SQL> with test (s_id, s_name, subject, mark_value) as
2 (select 1, 'stud', 'sub_1' , 50 from dual union all
3 select 2, 'stud', 'sub_2' , 60 from dual union all
4 select 3, 'stud', 'sub_3' , 70 from dual union all
5 select 4, 'stud_1', 'sub_1', 40 from dual union all
6 select 5, 'stud_1', 'sub_2', 50 from dual union all
7 select 6, 'stud_2', 'sub_2', 40 from dual
8 )
9 select s_id, s_name, subject, mark_value
10 from (select s_id, s_name, subject, mark_value,
11 row_Number() over (partition by s_name order by mark_value desc) rn
12 from test
13 )
14 where rn = 1;
S_ID S_NAME SUBJE MARK_VALUE
---------- ------ ----- ----------
3 stud sub_3 70
5 stud_1 sub_2 50
6 stud_2 sub_2 40
SQL>
如果您的数据库版本不支持分析函数,那么还有另一个选项,它不是那么好,因为它从同一个表中选择两次。
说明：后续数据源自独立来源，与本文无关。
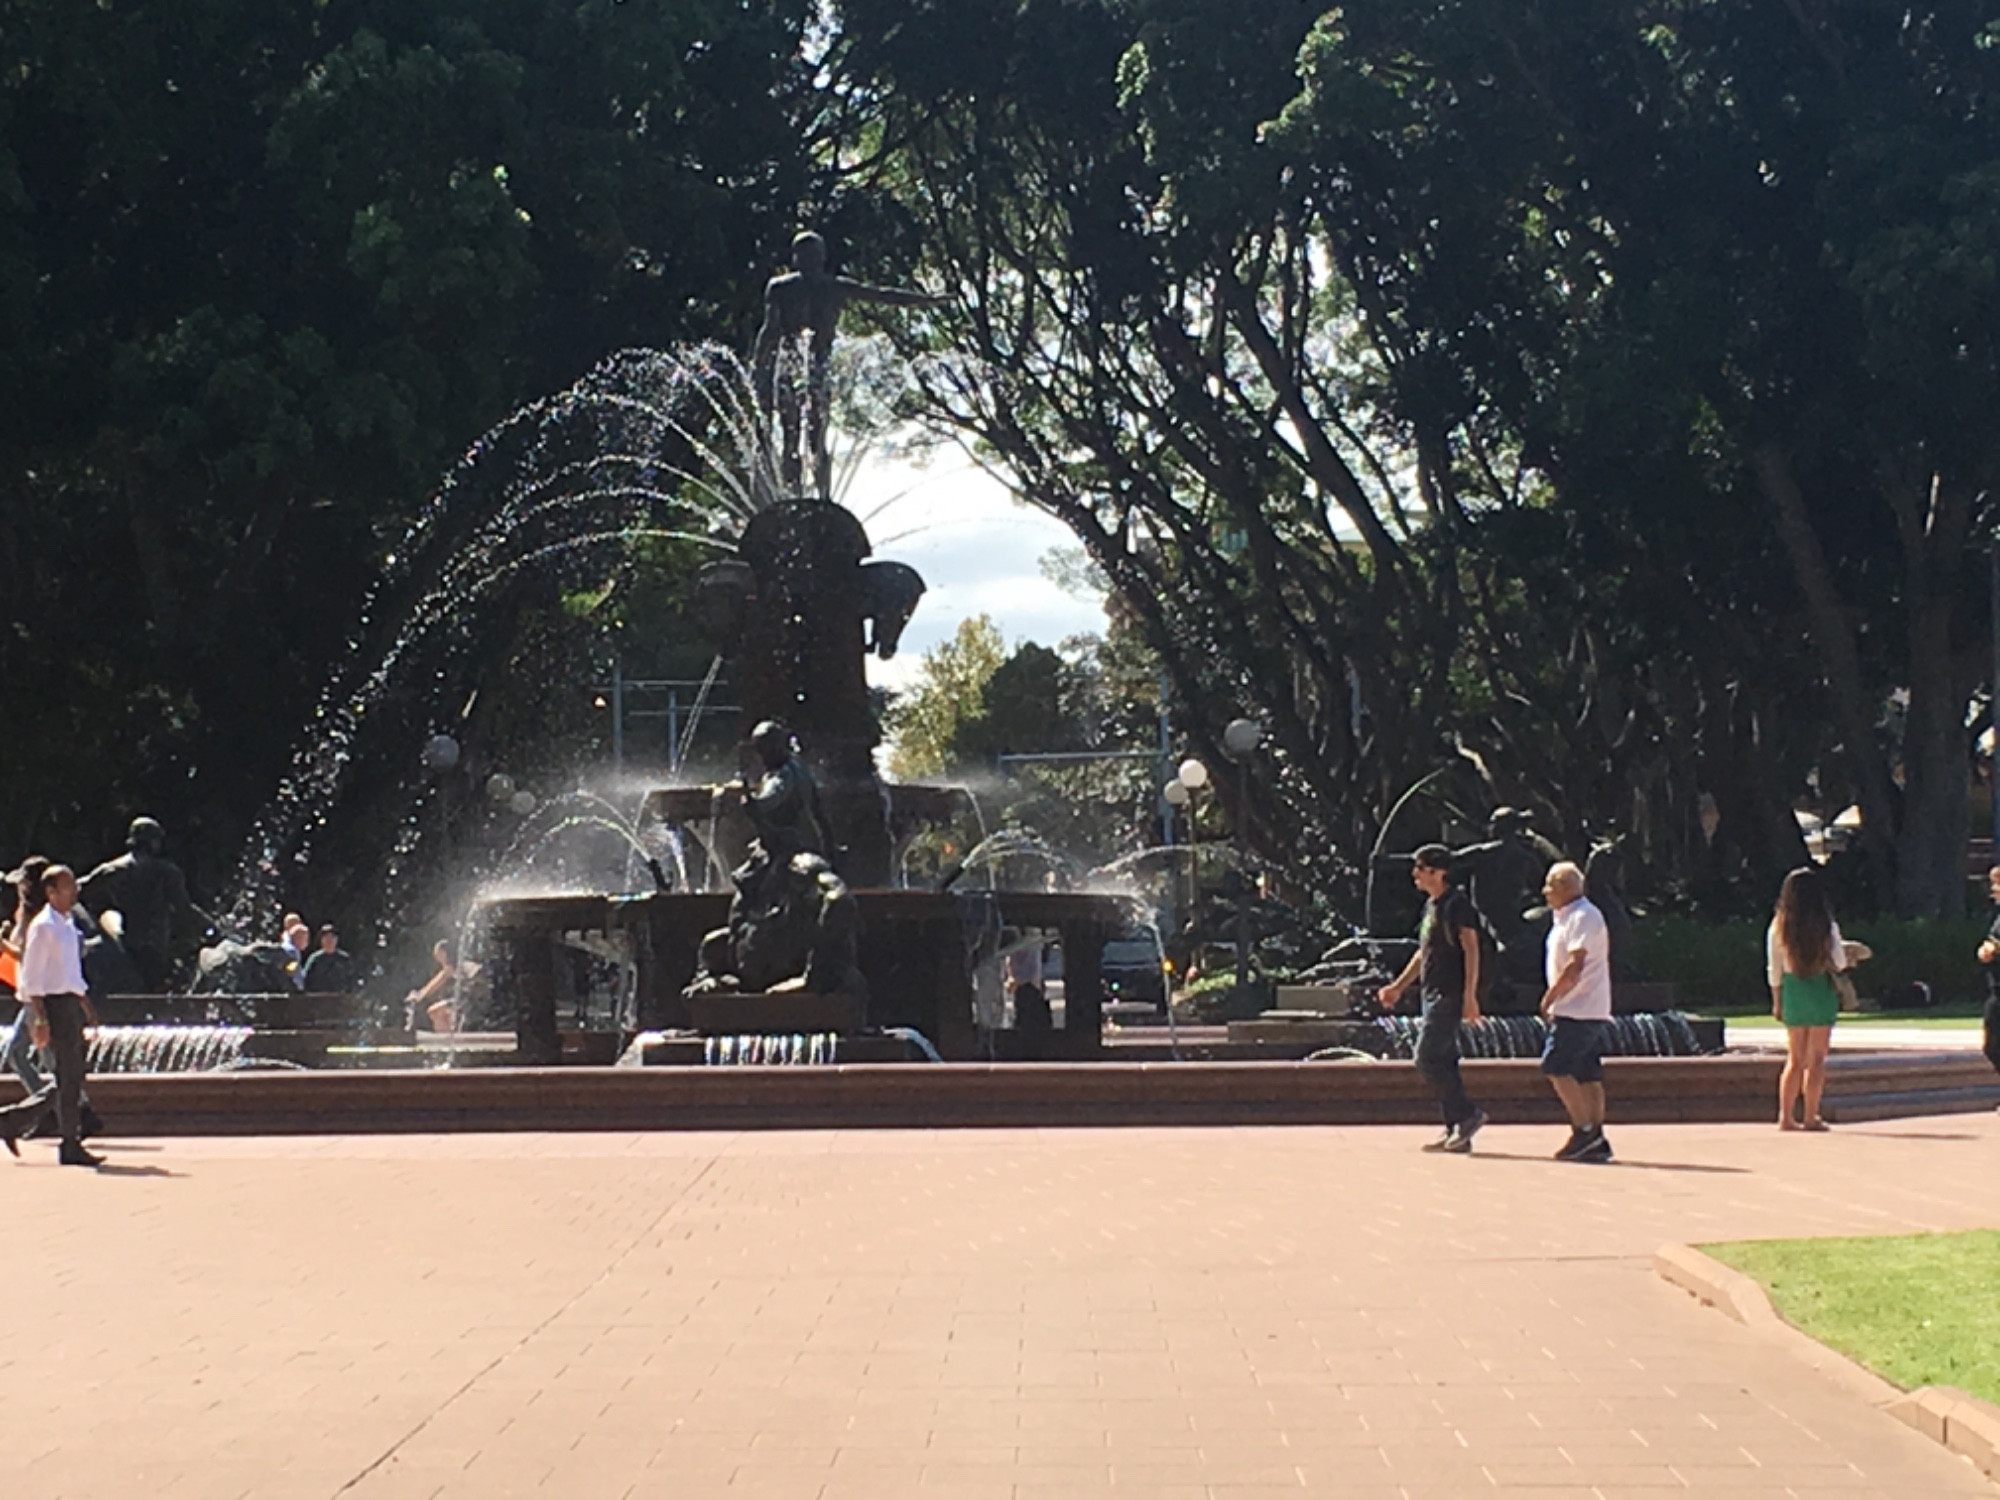 Archibald memorial fountain, Австралия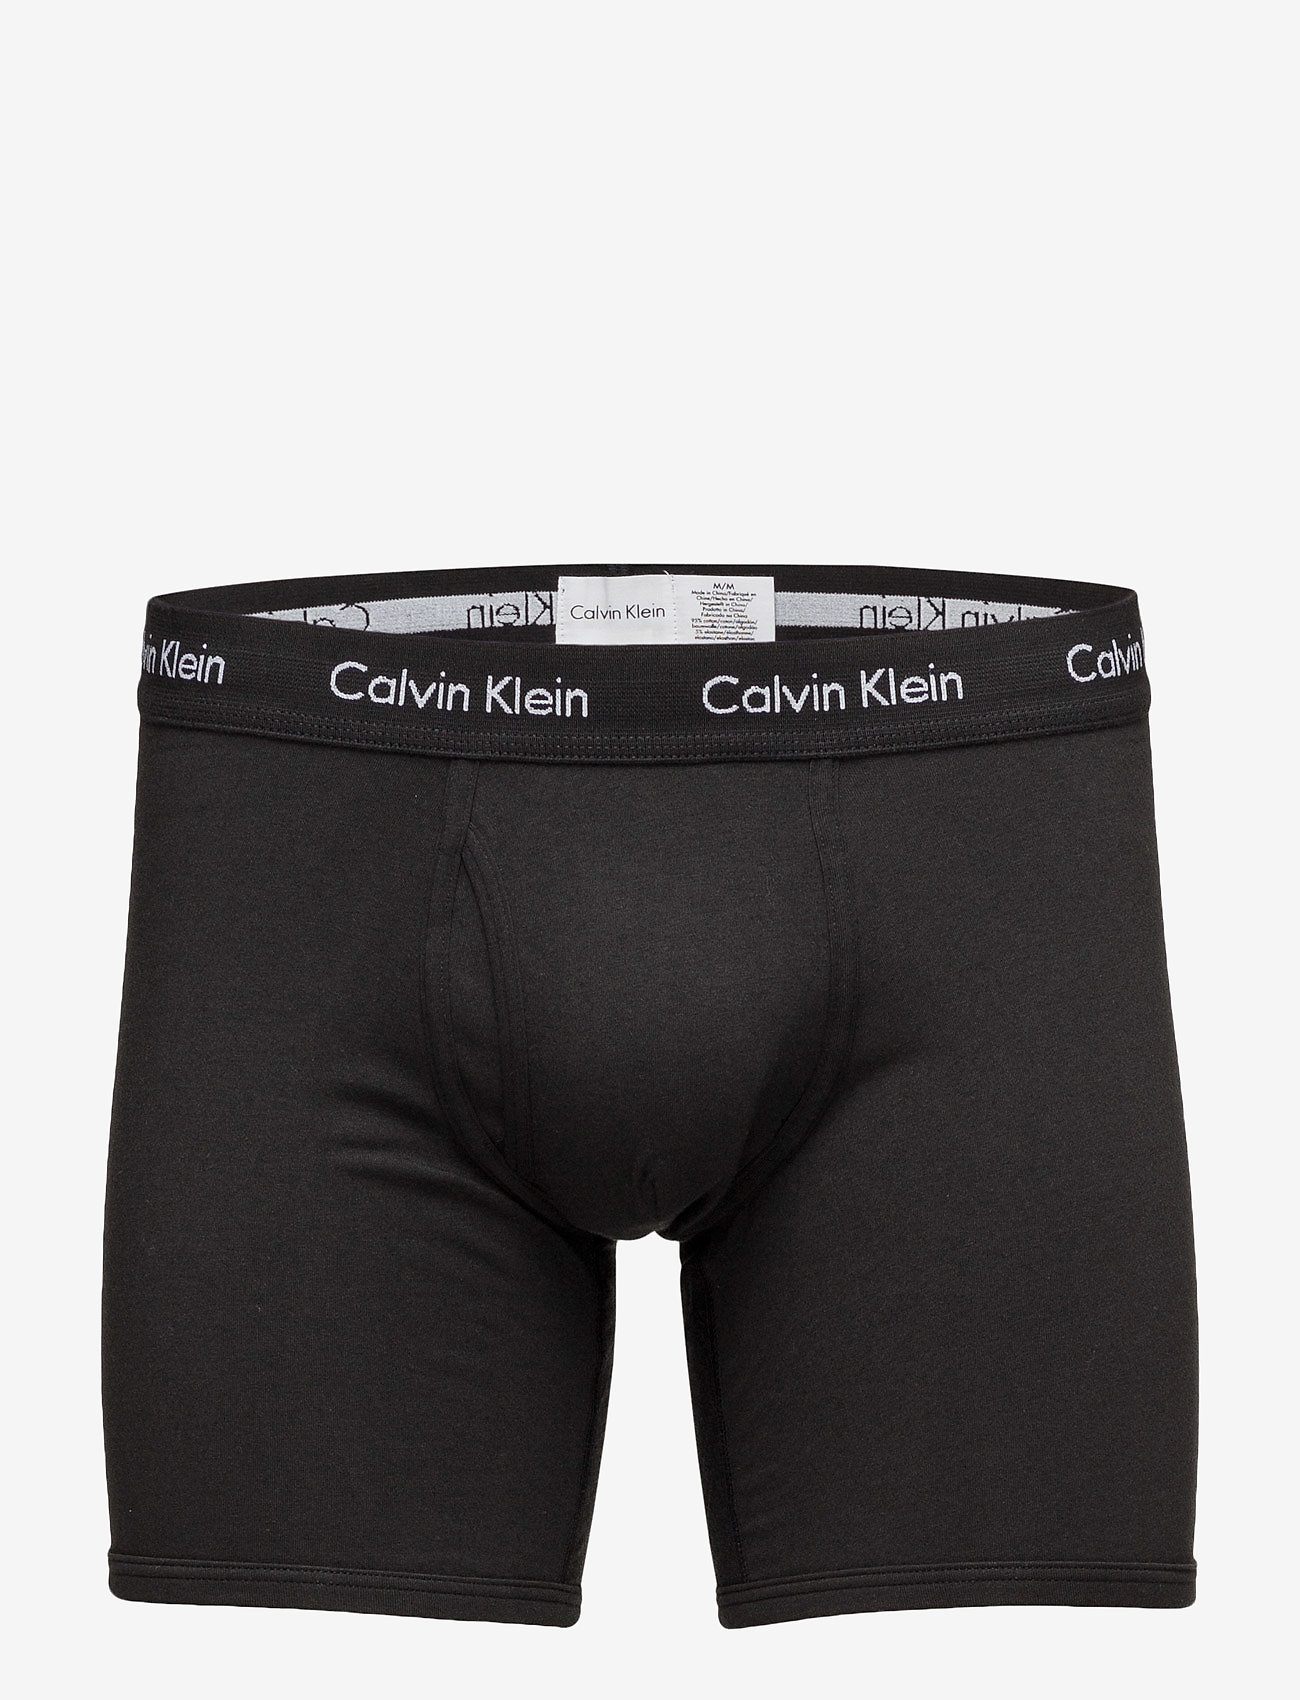 Strak Bloedbad vijand Calvin Klein Boxer Brief - Boxers | Boozt.com

如果表中没有那么多行,您将不会注意到差异,但是大型数据集的性能会受到影响。
<snip>
9 select s_id, s_name, subject, mark_value
10 from test
11 where (s_name, mark_value) in (select s_name, max(mark_value) max_mark
12 from test
13 group by s_name);
S_ID S_NAME SUBJE MARK_VALUE
---------- ------ ----- ----------
3 stud sub_3 70
5 stud_1 sub_2 50
6 stud_2 sub_2 40
SQL>
使用row_number()
select * from
(
select *,row_number() over(partition by s_name order by MARK_VALUE desc) as rn
from tablename
)A where rn=1
请试试这个。
Select B.* from @tbl AS B
INNER JOIN(
Select S_Name,MAX(MARK_VALUE) AS MARK_VALUE from @tbl Group by S_Name) AS A
ON A.S_name=B.S_Name
AND A.MARK_VALUE = B.MARK_VALUE
你可以使用group by和keep:
select max(s_id) keep (dense_rank first order by mark desc) as s_id,
s_name,
max(subject) keep (dense_rank first order by mark desc) as subject,
max(max_mark)
from t
group by s_name;
keep是一个Oracle扩展,允许使用first_value()和last_value()等功能进行聚合功能。根据我的经验,这是非常快的。